First, remove lexical entry templates whose occurrence count is less than the threshold (the value specified by "-tf" option).
Next, apply lexical rules to remaining templates, and make lexical entry templtaes for inflected words. Write lexical rules with the following interfaces defined in "mayz/lexrefine.lil".
expand_lexical_template(+$InTemplateName, +$InTemplate, +$Freq, -$LexRules, -$NewTemplate) | |
$InTemplateName | name of an input template |
$InTemplate | input lexical entry template |
$Freq | occurrence count of the template |
$LexRules | history of applied lexical rules |
$NewTemplate | derived lexical entry template |
Apply lexical rules to a lexical entry template of a lexeme, and make a new lexical entry template. |
To use derived lexical entry templates, implement the following interface.

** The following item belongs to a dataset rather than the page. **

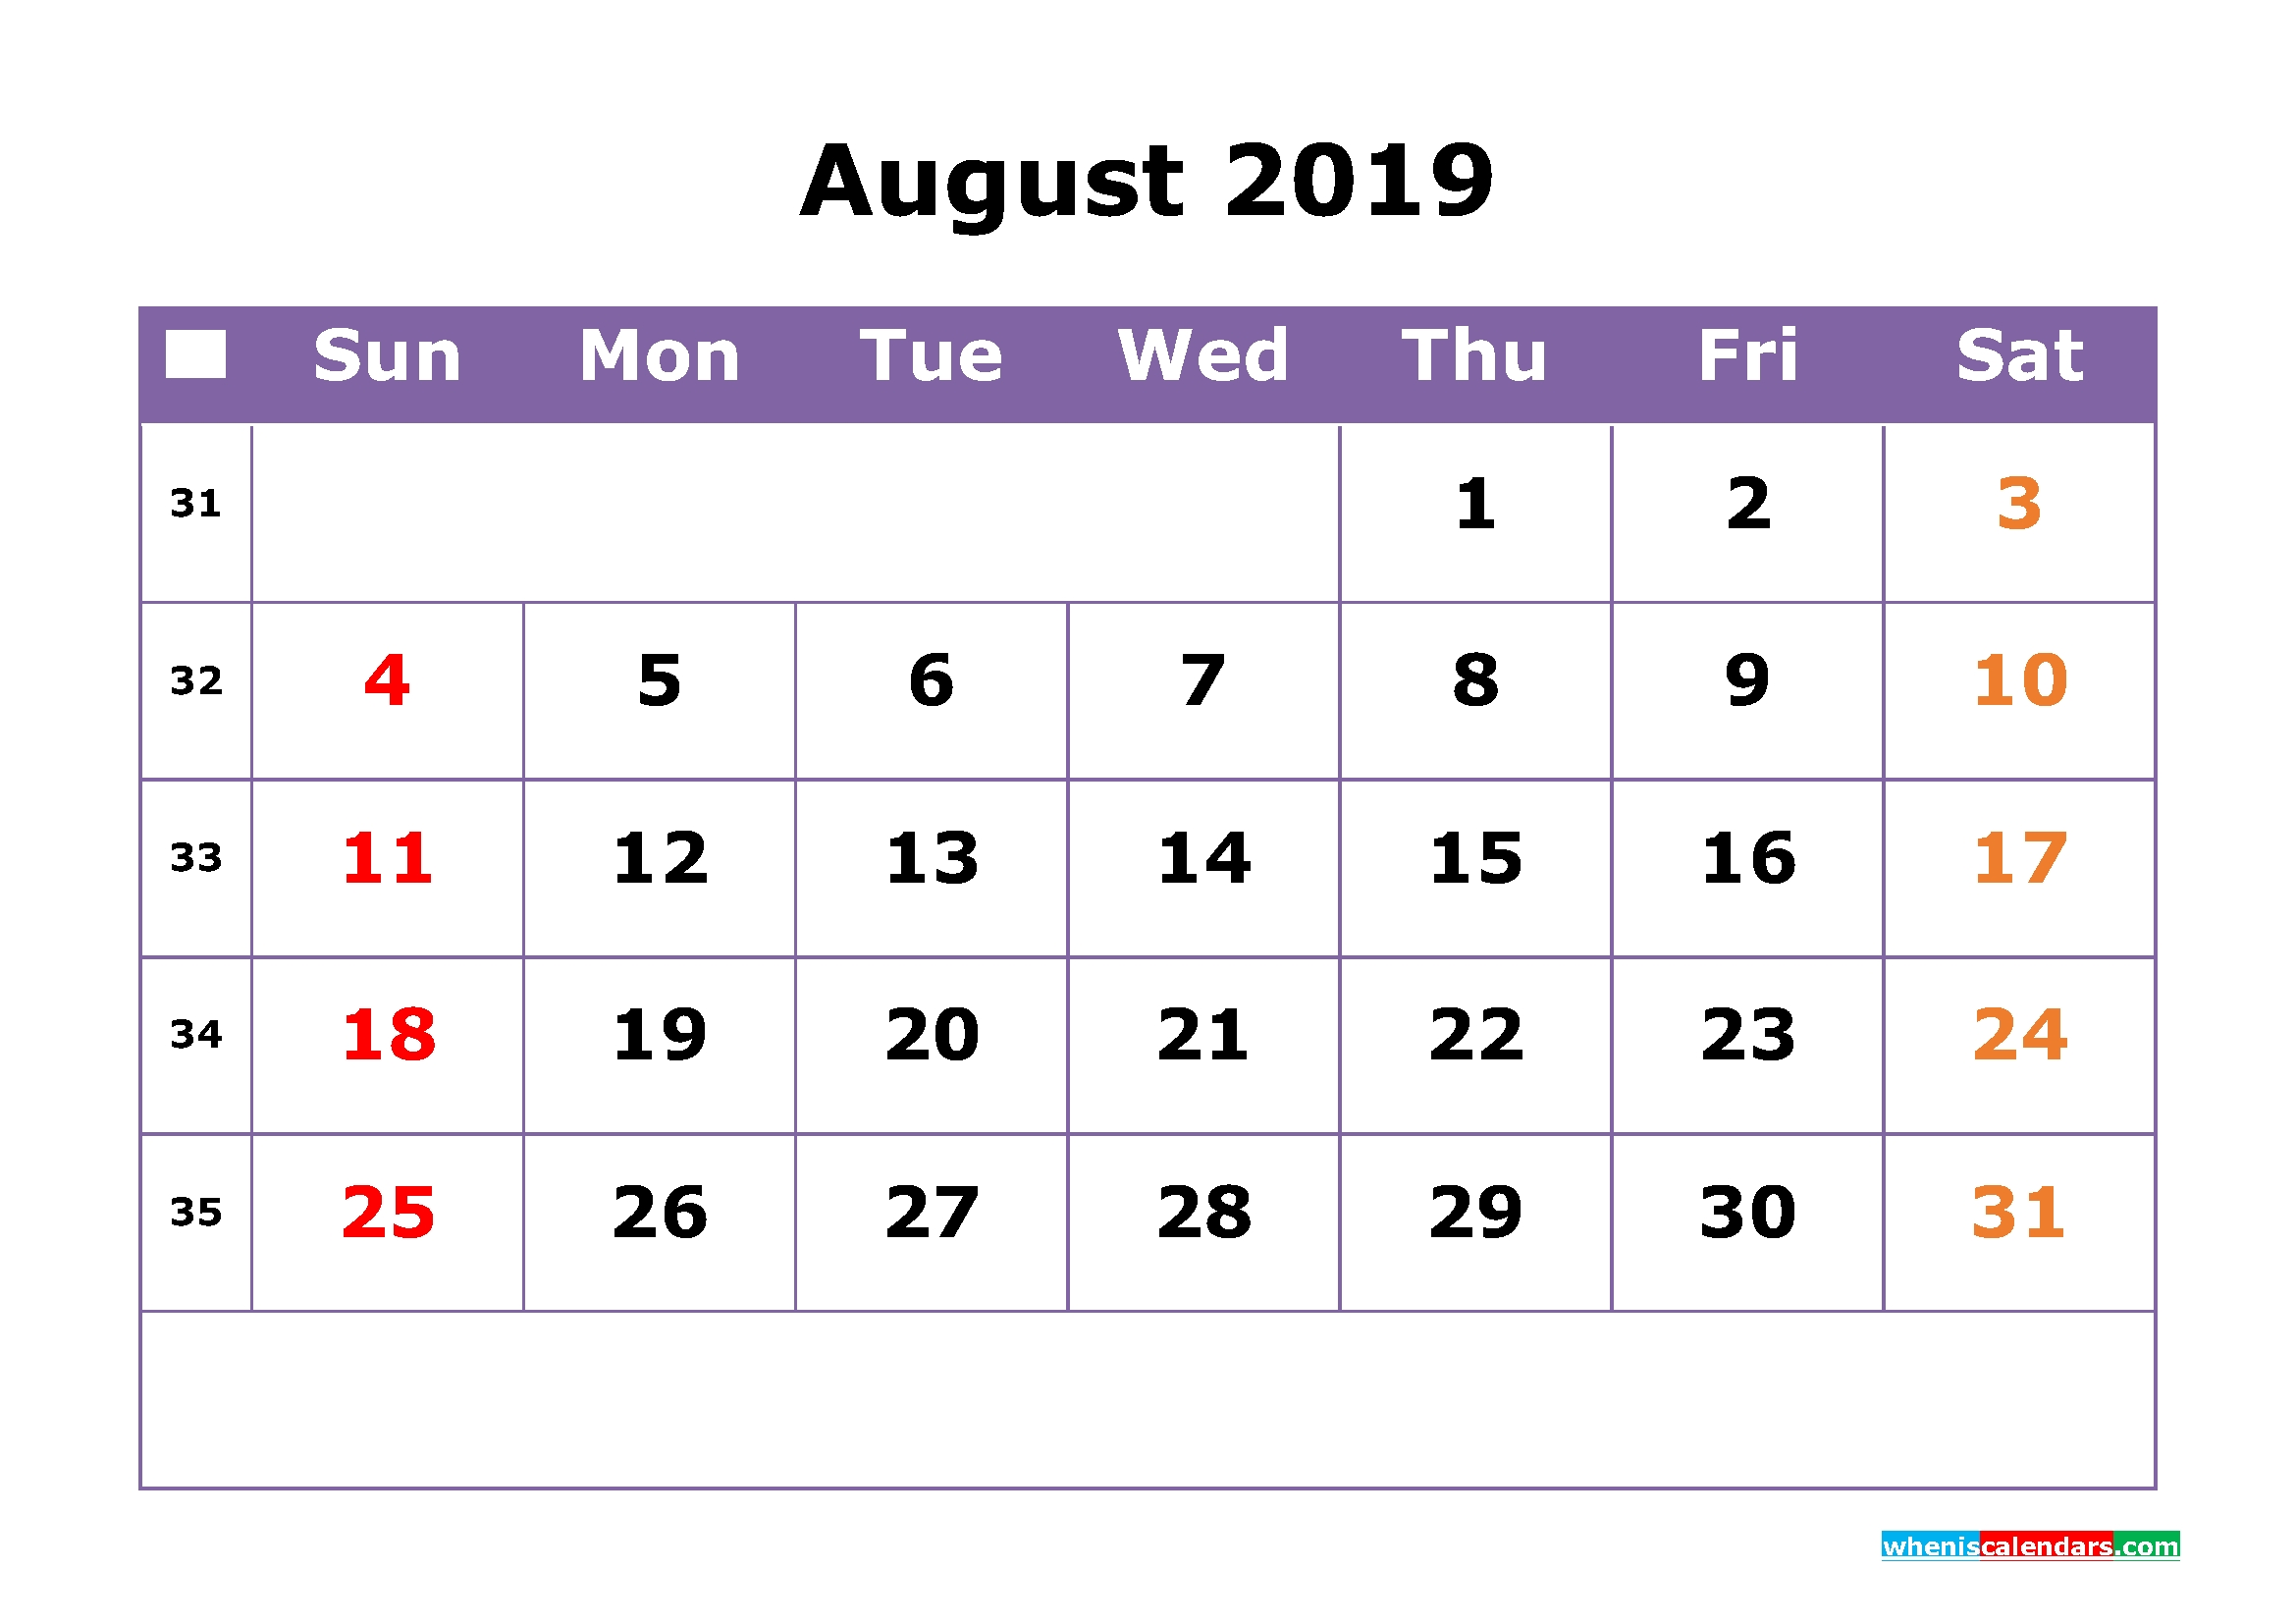 August 2019 Printable Calendar With Week Numbers For Free Download regarding Numbers Free Printable Calendar For August

expand_lexicon(+$InKey, +$TemplateName, -$NewKey) | |
$InKey | a key of an input word |
$TemplateName | name of a template ('lex_template' type) |
$NewKey | a new key |
From a key of a lexicon, $InKey, make a new key, $NewKey, to which the derived template should be assigned. For example, when a template for passive is made from that for a base verb, we make a new key "loved/VBN" from "love/VB". |
Next, for each entry in a lexicon, if the occurrence count of a word (to be more precise, the key given by the third argument of "reduce_lexical_template/5") is less than the threshold (the value specified by "-wf" option), the entry is removed from the lexicon. The other entries remain in the lexicon, while the templates deleted in the first step are automatically removed from the entries.
In addition, a word is regarde as "unknown word" if its occurrence count is less than the value of the "-uwf" option. That is, templates assigned to the word are added to the template list for an unknown word. The key of an unknown word is specified with "unknown_word_key/2" defined in "mayz/lexrefine.lil".
unknown_word_key(+$InKey, -$OutKey) | |
$InKey | key of an input word |
$OutKey | key of an unknown word |
Make a key for an unknown word. |